This could be by design. None of the wallpapers or Login Screens are vetted by KDE. Of all things, you SHOULD NOT be able to just willy-nilly download a LOGIN screen someone submitted. The Login Screen handles your user password and nothing is stopping anyone from designing a Login Screen that not only logins you in, and seems legit, but could also create a disguised plaintext file of your password somewhere on the system to be used in conjunction with a hack attempt (remote or local).

Your “Debian Breeze” login screen is not showing the image. IF you were to use that login screen it would be just a white screen with the login widgets(boxes, name button etc..)

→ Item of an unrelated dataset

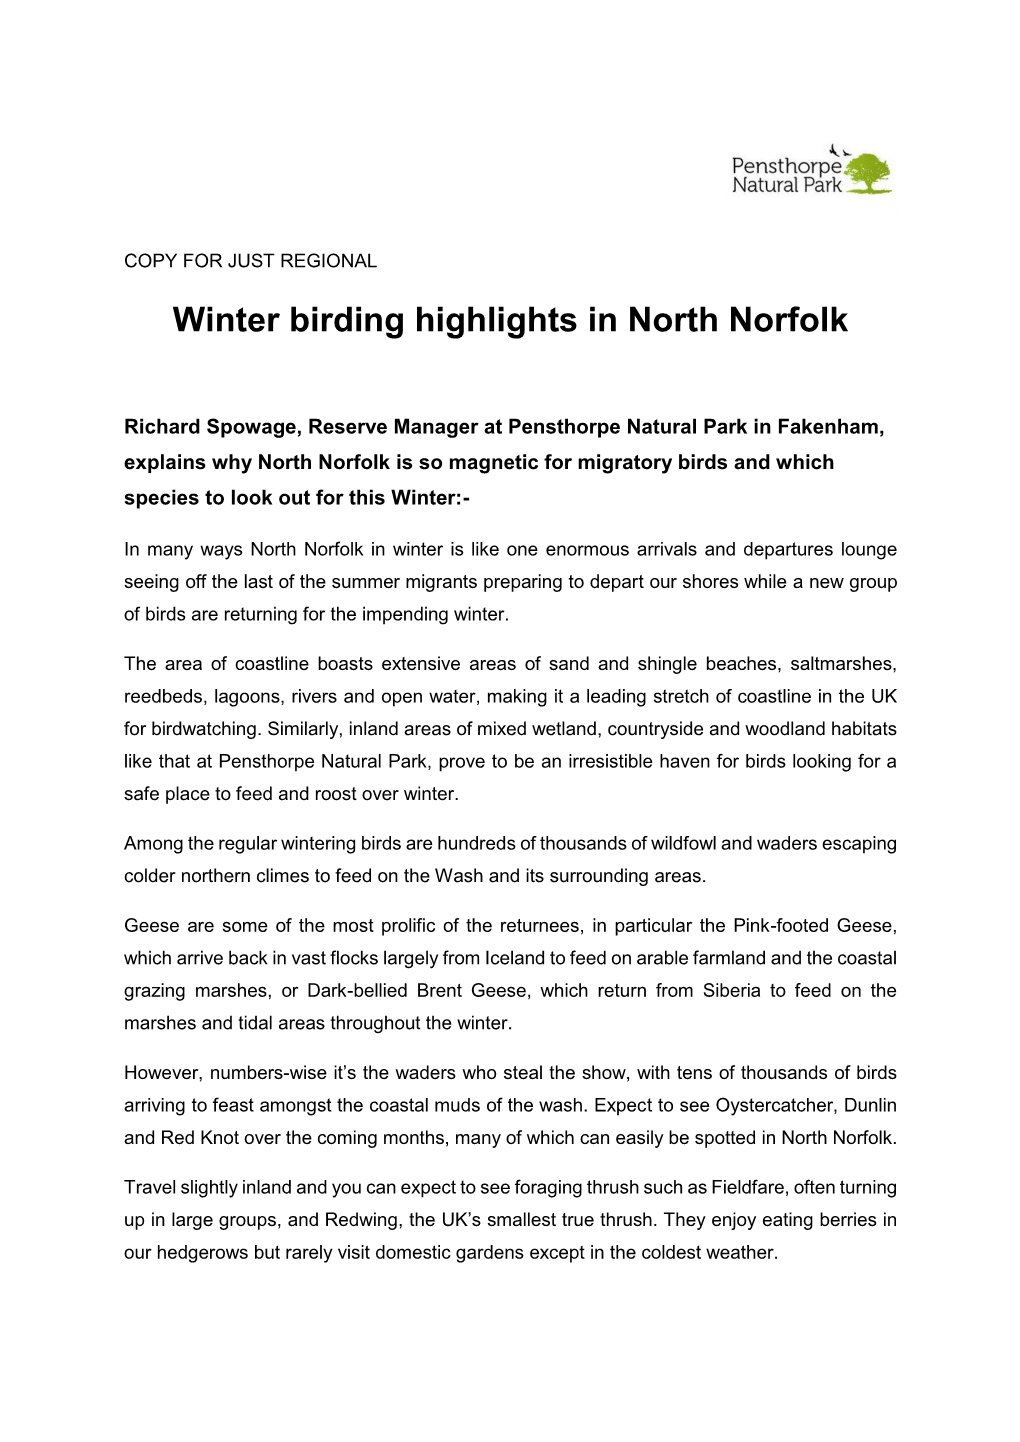 Winter Birding Highlights in North Norfolk
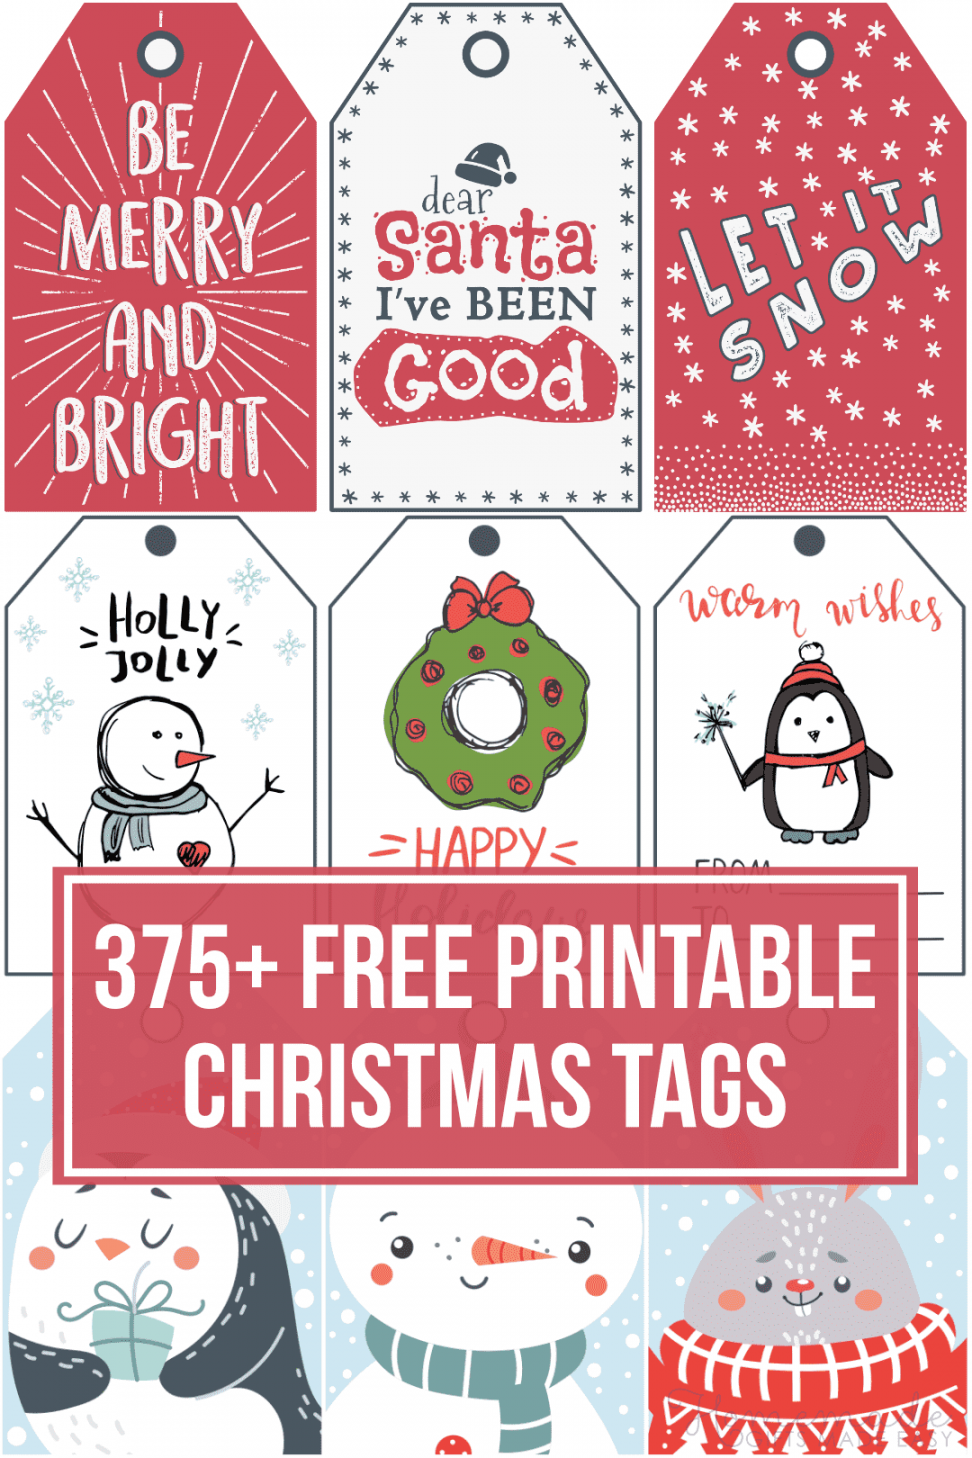 Free Printable Christmas Gift Tags - Printable - + Free Printable Christmas Tags for your Holiday Gifts

A workaround was to edit “/usr/share/sddm/themes/debian-theme/theme.conf.user”

I noticed “background” was set to “background-nologo.svg”. I changed this to a full system path and it solved the missing image(/usr/share/sddm/themes/debian-theme/background-nologo.svg).

If you copy whatever image you want into this directory (for uniformity) and set the background to it as a temporary workaround

I’ve experienced this on 2 different systems; 1 of which as recent as this week’s trixie/testing build. Considering the heterogeneity of hardware* and install scenario it seems reasonable to expect broad impact.

I realize this is something for package maintainers but I can’t imagine a world where they’ve allowed a debian point release to ship with a version of plasma that can’t be customized…no?

@tekweaver i get what you’re saying but imho that reads like regression unless it’s documented somewhere. At best there’d be inconsistency between what the ui communicates (“get new blah blah…”) and what the user can actually do (break sddm).

Essentially: trixie install goes fine, sddm functions normally on reboot, attempt to change anything with sddm, reboot to default all-white no-background sddm ui. No magical mish mash of conf settings could rectify it, nor could relocating default conf files from /usr… to /var… The only ‘fix’ was installing gdm3 or lightdm.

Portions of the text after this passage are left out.